If we generate the report and look at the QC tables for sequencing depth, we
will see a new one for '3X' which is the QC for our new subsampled BAM files,
you'll see that in the allsites-filts.depth
column, we have a mean depth of ~3
for all samples, except those already lower than 3X, so the subsampling worked
well. The other mean depth estimates are not uniform across samples and aren't
3. In order to ensure the sequencing depth is the same in the actual analyses,
we use the mean sequencing depth only at sites passing our filter to determine
how to subsample. If we used the other measures of depth that include regions
outside the filtered sites file, we would get uniform depth in those measures,
but not at the filtered sites, which means depth would still vary in the actual
analyses. This is still possible to do, and is what the subsample_by
option
selects, so check the configuration documentation if you're
interested in that.
Suggested workflow batches
This tutorial has done two approaches that are a bit extreme - one is to run everything all at once, the other is to run each analysis almost one by one. If you do the first, you risk running some analyses before you know that your samples or settings are good. If you do the second one, you still get a lot of benefits from PopGLen (single file configuration, automated reproducible flow of inputs and outputs, software management), but will have to manually start it up several times.
Likely, you will want something in between - check the results at key points that minimize the number of runs you'll do. When I do projects, I tend to follow this working path with PopGLen:
- Run all mapping and main QC. Determine if any samples need to be dropped based on quality or some other concern and drop them if so. Also turn on my expected filter sets and see if the filtered proportion of the genome makes sense (I usually use ~30% of the butterfly genome, removing repeats, keeping only complete autosomal chromosomes, and removing extreme depth). Usually, the amount I use is not a whole lot lower than the amount left over after repeat removal, if it is, the reference may be too distant to map well to.
- If I am not confident in my LD pruning settings, I run the LD decay analysis. In this run I can also turn on anything that doesn't involve LD pruning, even window based analyses as they are quick to rerun if their settings change. If I already feel my LD pruning settings will be good enough (usually from previous work), I might skip this batch. This is also a good point to do a relatedness check to find out if any individuals should be removed from the PCA and Admix, as those require pruning, but the relatedness methods do not.
- Next, using the LD results I set my pruning setting and run everything else.

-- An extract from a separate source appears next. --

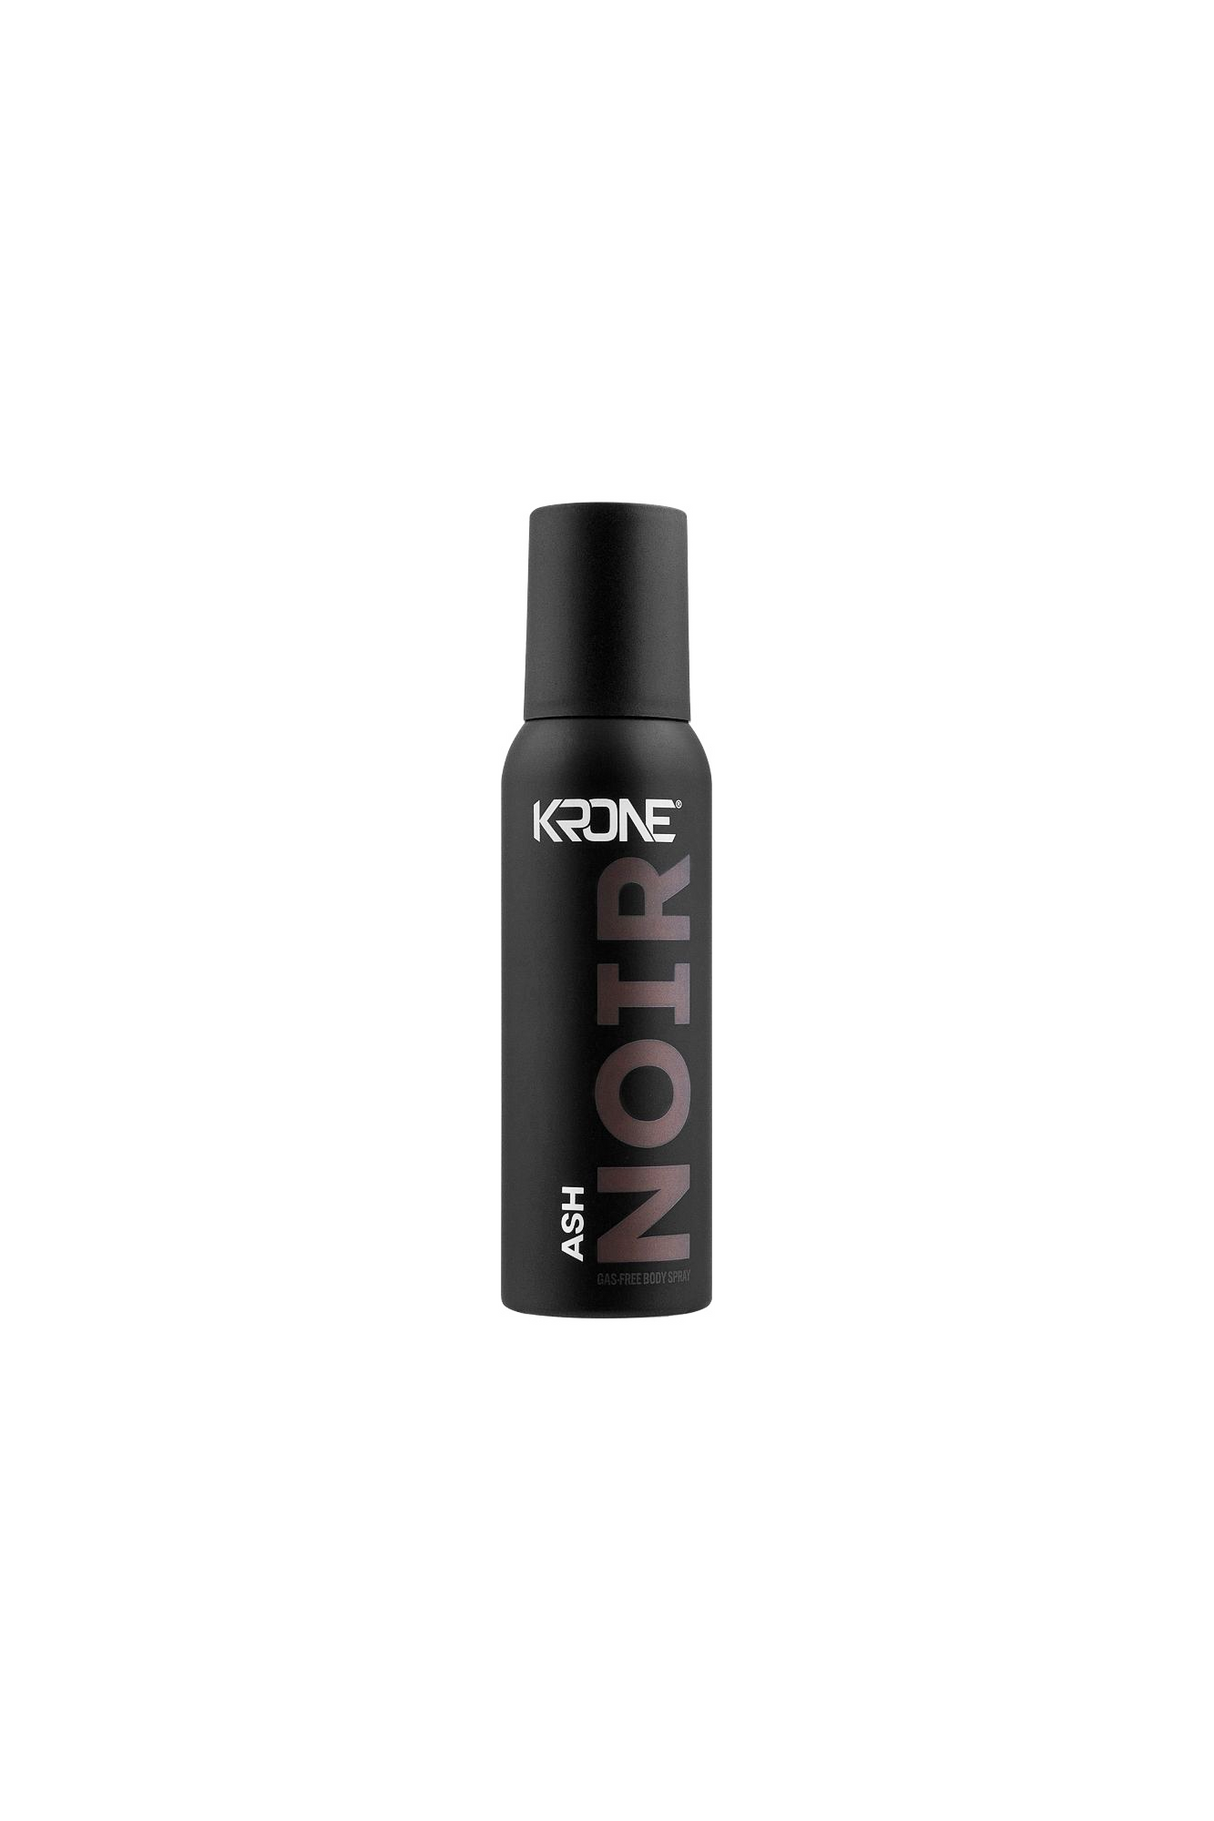 krone ash deodorant body spray 120ml

- Run analyses at subsampled depth if desired.
If all goes well, nothing will need to be modified and you can start working on your analyses downstream of PopGLen. Your config, samples, and units files together make a reproducible record of your analyses, allowing everything to be reproduced using your input data. If you want to change any settings or samples, you can simply update the configs and re-run, what needs to be updated will get updated.
If PopGLen will form a large part of your workflow, I recommend using it as a module in the way we did with Snakedeploy in this tutorial. This allows you to add rules to the Snakefile for your downstream analyses. This makes it relatively easy to share your code with a manuscript in a way that will enable reproducing all steps. You can check out repositories for two papers I have used early versions of PopGLen for zjnolen/polyommatini-landcover-diversity and zjnolen/polyommatini-temporal-genomics for ideas on how to do this.